Furthermore, the stevedores’ judgment was not obviously imprudent in
determining that jumping from the cargo to the tank top, though dangerous, was
safe enough to attempt. See Randolph v. Laeisz, 896 F.2d 964, 971 (5th Cir.
1990). Dow testified that stevedores routinely jump from cargo, and that she
herself had jumped before, though not from that height. Given that the duty to
intervene is narrow, Dow’s five-to-six-foot jump to the tank top represented
judgment that is poor but not obviously imprudent. Accordingly, the district
court did not err in finding the Defendants did not breach their duty to
intervene.
Finally, Dow argues the district court abused its discretion by admitting
the testimony of David Tantrum because he was not qualified as an expert
witness. “The admission or exclusion of expert testimony is a matter left to the
discretion of the trial judge, and his or her decision will not be disturbed unless
it is manifestly erroneous.” Perkins v. Volkswagen of Am., Inc., 596 F.2d 681,
682 (5th Cir. 1979) (citing Salem v. U.S. Lines Co., 370 U.S. 31, 34 (1962)).
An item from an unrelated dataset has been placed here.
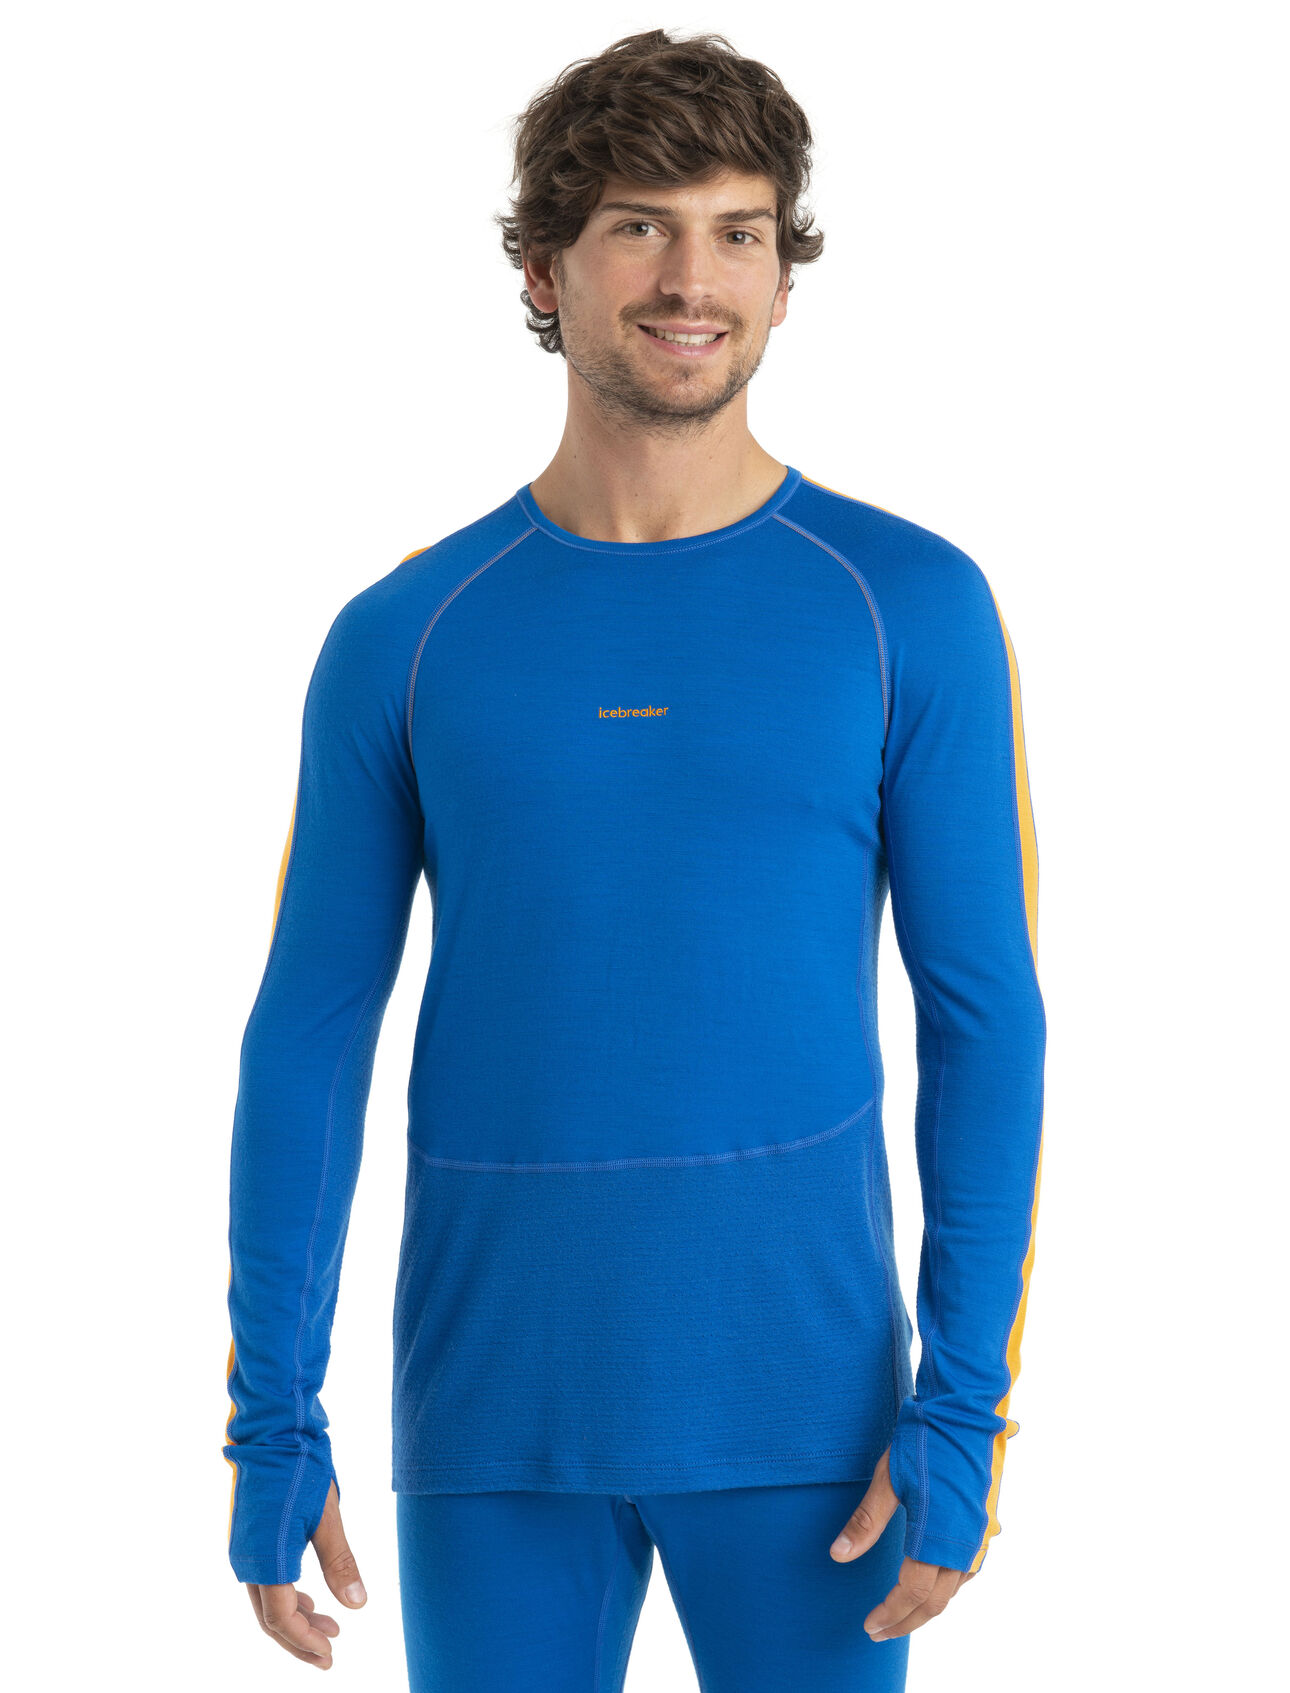 Mens 200 ZoneKnit™ Merino Long Sleeve Crewe Thermal Top A midweight merino base layer top designed to help regulate temperature during high-intensity activity, the 200 ZoneKnit™ Long Sleeve Crewe features 100% pure and natural merino wool.

The
record reveals Tantrum is qualified to provide expert testimony on the basis of
his extensive experience as a marine surveyor, which included boarding vessels
and conducting investigations of injuries to stevedores and longshoremen.
Accordingly, the district court did not abuse its discretion in finding Tantrum
qualified to testify as an expert marine surveyor.
For the foregoing reasons, we AFFIRM the district court’s judgment.